O God, You see that of ourselves we have no strength. By Your mighty power defend us from all adversities that may happen to the body and from all evil thoughts that may assault and hurt the soul; through Jesus Christ, Your Son, our Lord, who lives and reigns with You and the Holy Spirit, one God, now and forever.



An Overview

This Sunday's name, like all the Sundays in Lent, comes from the opening words of the Introit (the Psalm portion we chant after confession and absolution).

Remember Your mercy, O Lord, and Your steadfast love,
   for they have been from of old.


Reminiscere miserationum tuarum, Domine et misericordiae tuae,

    quae a saeculo sunt

That is to say, the whole of this Sunday revolves around the prayer "Remember, O Lord, your mercy and your steadfast love."

The Lord was merciful when He didn't destroy Jacob in the wrestling match, and He showed His steadfast love when He blessed him.

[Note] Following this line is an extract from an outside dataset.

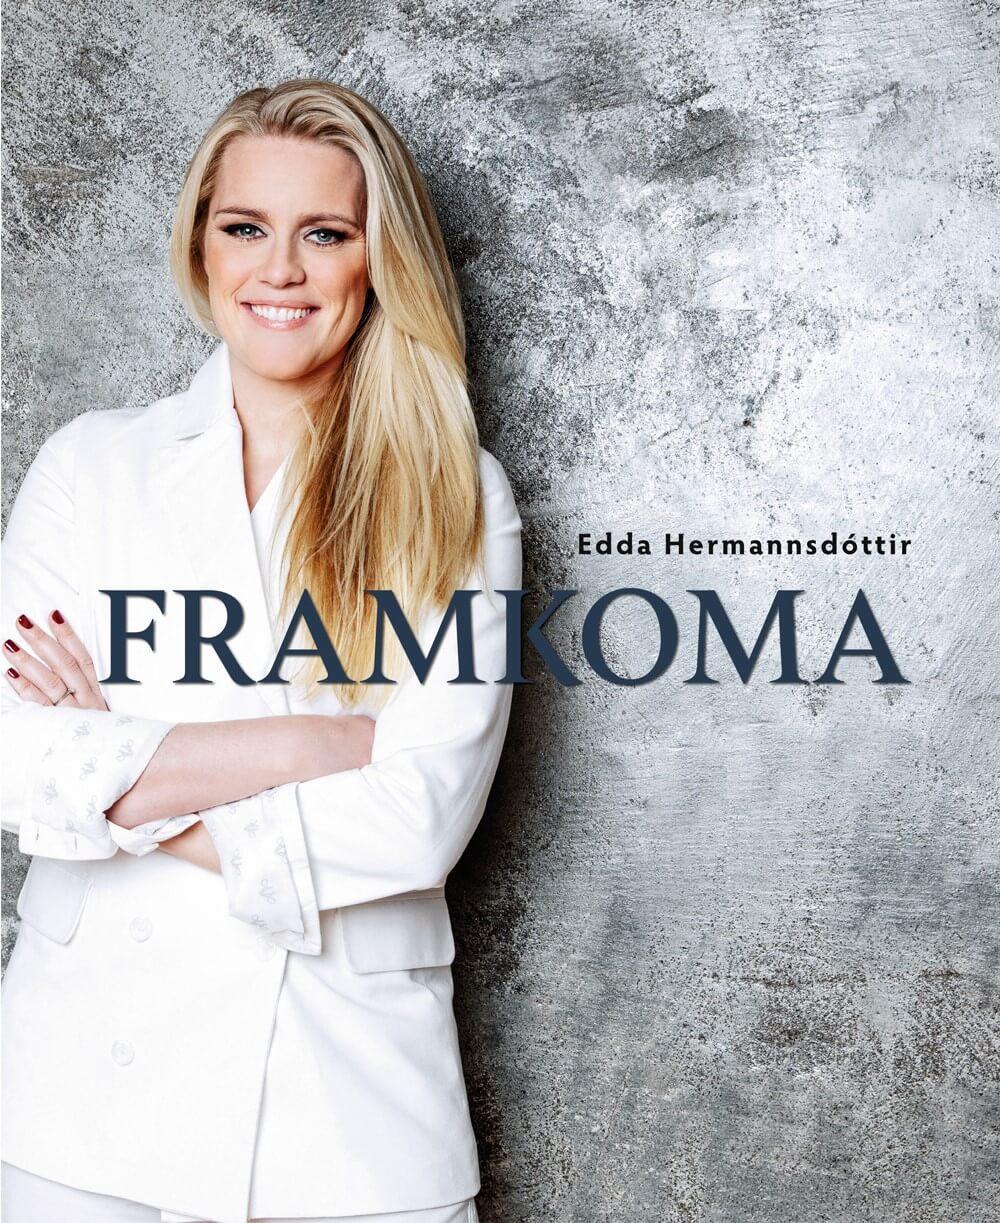 Framkoma

The account from the Gospel is a curious one, because it seems as though Christ withholds both love and mercy in His harsh words to the woman. Nonetheless, in an answer to her prayer that He "remember," the Lord is compassionate, showing love to a thousand generations. 

This humble need for Christ and His mercy is a natural continuation of the themes we have already encountered in the season of Lent.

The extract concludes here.